[Input data — start]
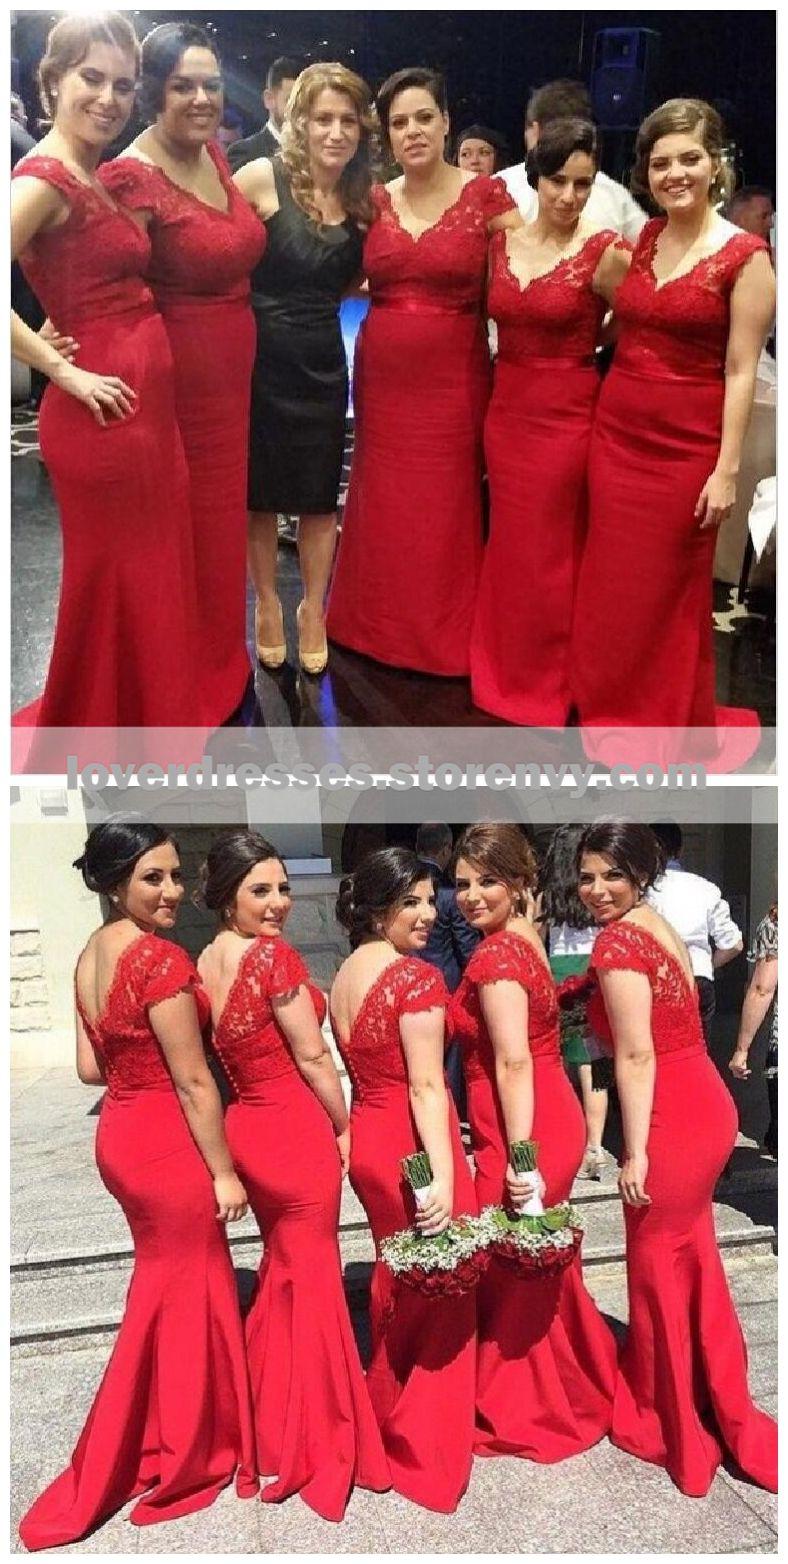 Red bridesmaid dresses off shoulder bridesmaid dresses long
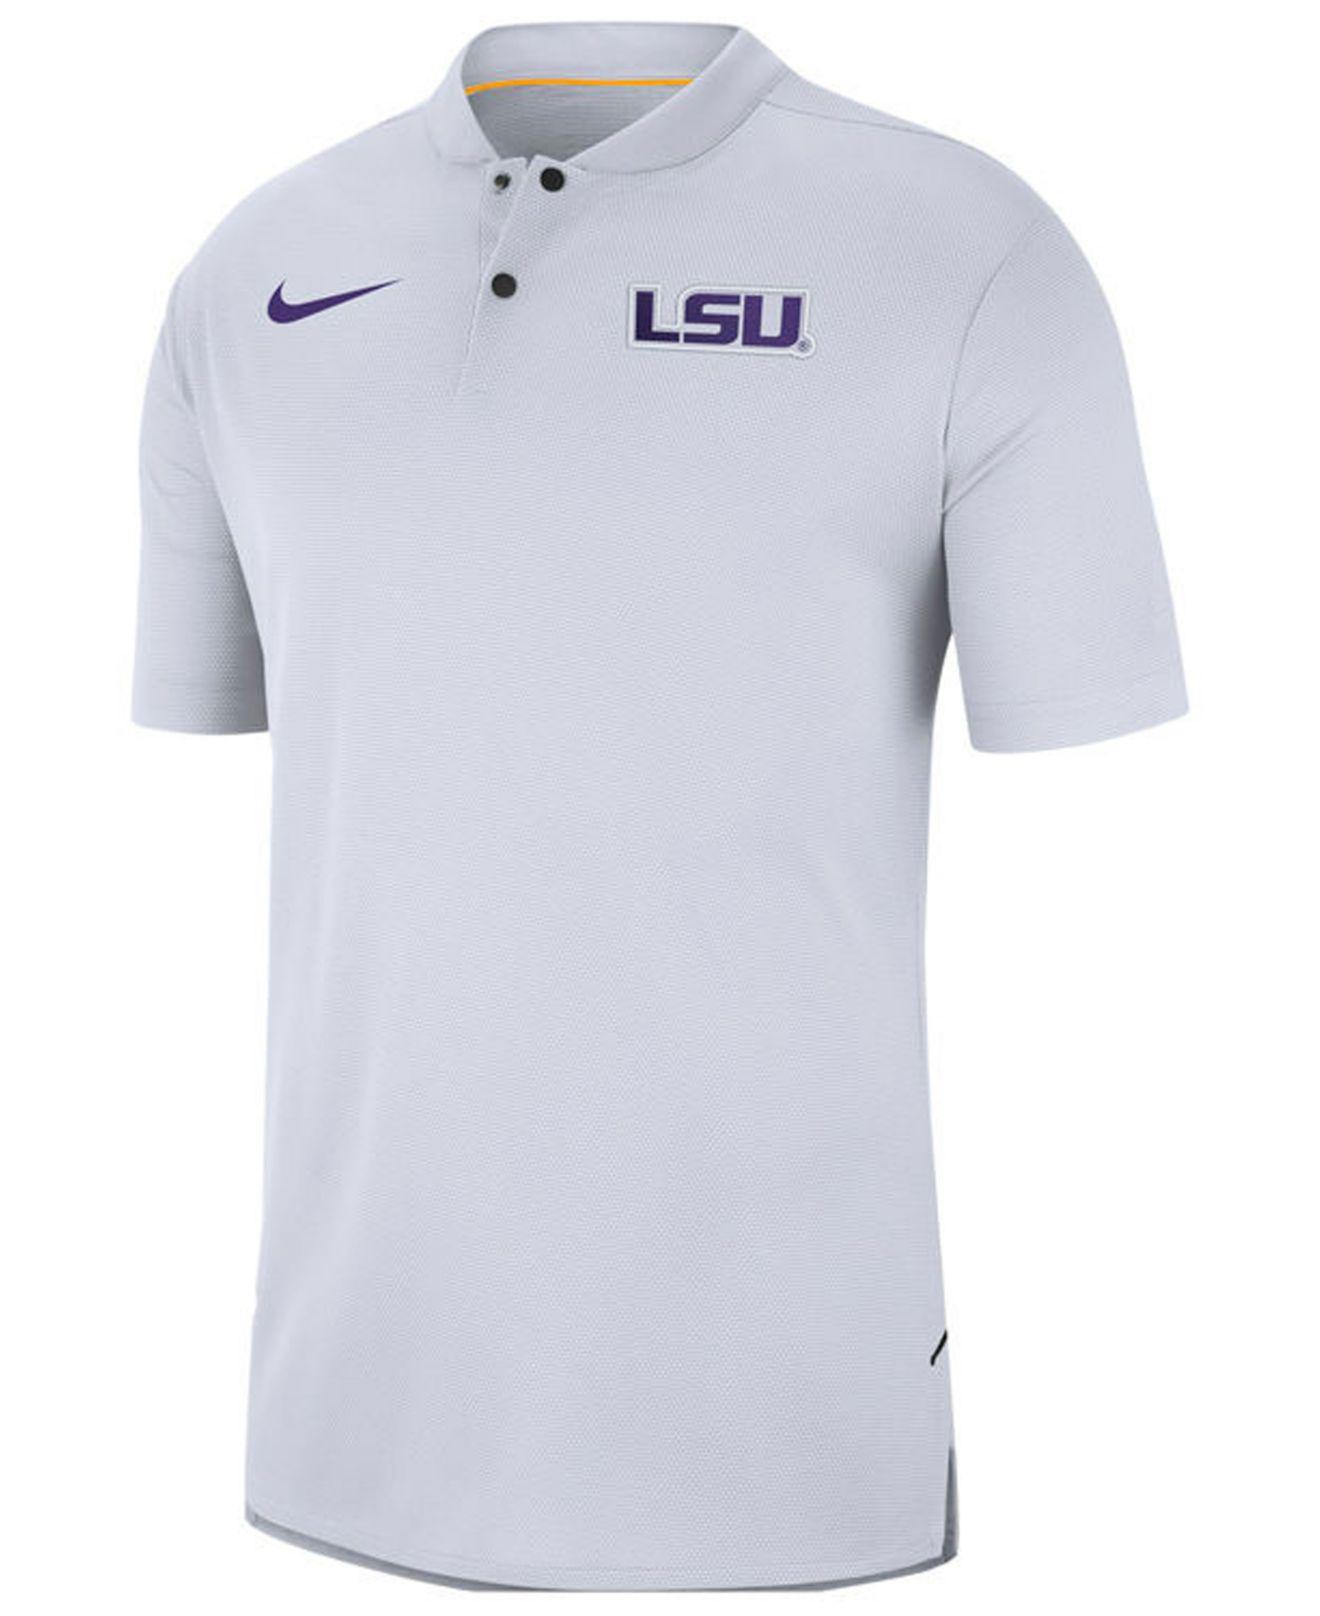 Lyst - Nike Lsu Tigers Elite Coaches Polo 2018 in White for Men 1cc4e293f
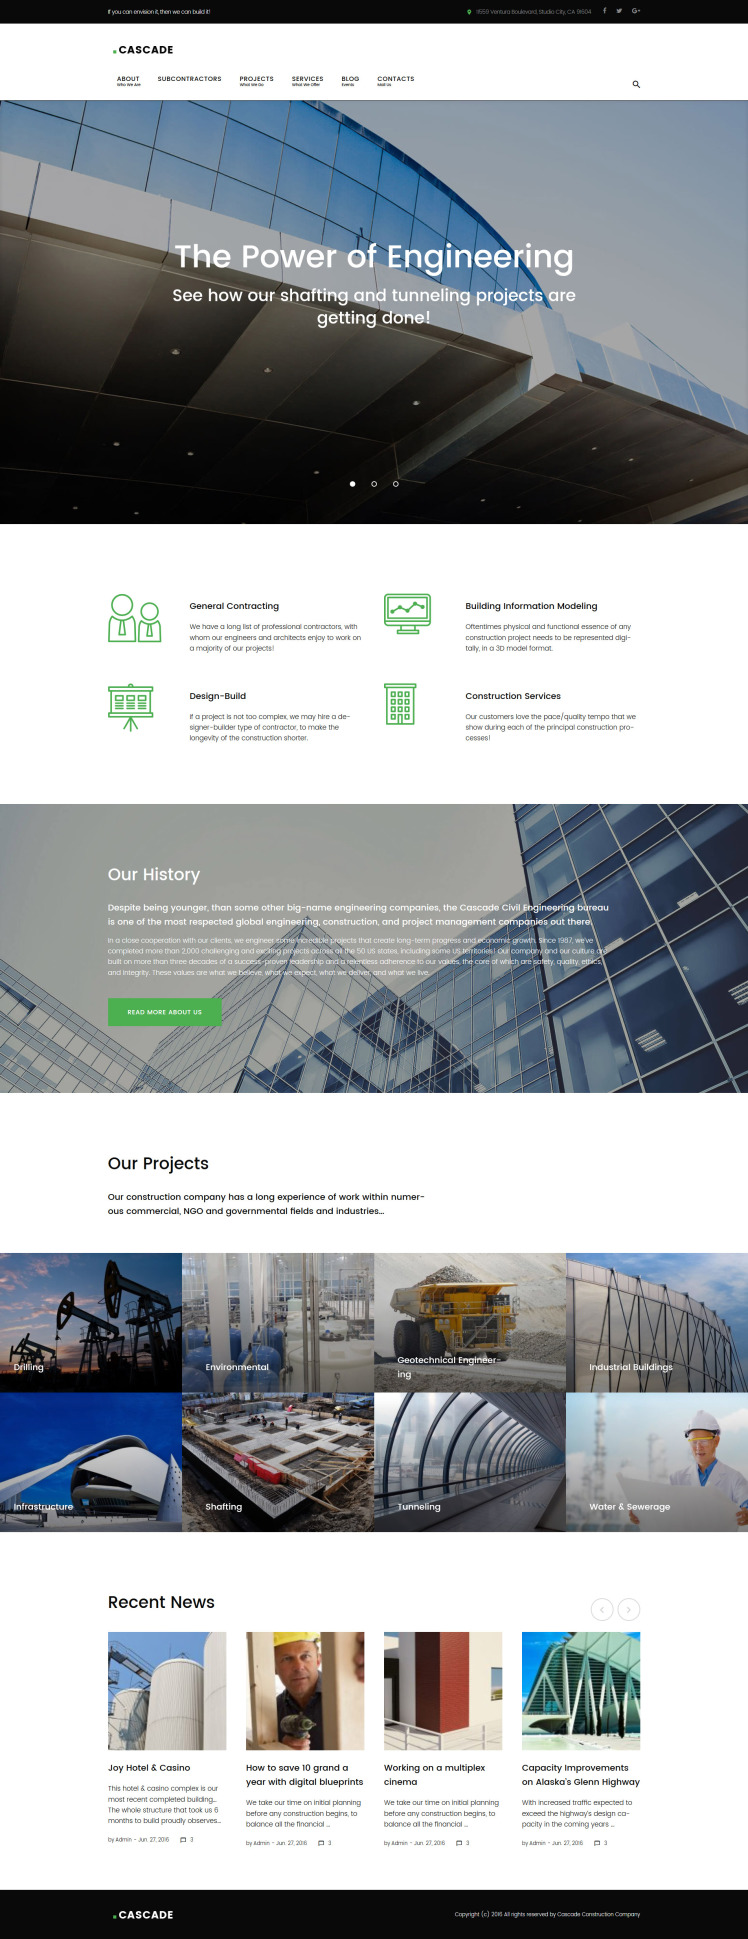 Cascade civil engineering and constructions company WordPress Theme
[Input data — finish]
| What this task involves |
Omit the pictures, then copy out all the data exactly as it stands.

| Task output |
 Red bridesmaid dresses off shoulder bridesmaid dresses long
 Lyst - Nike Lsu Tigers Elite Coaches Polo 2018 in White for Men 1cc4e293f
 Cascade civil engineering and constructions company WordPress Theme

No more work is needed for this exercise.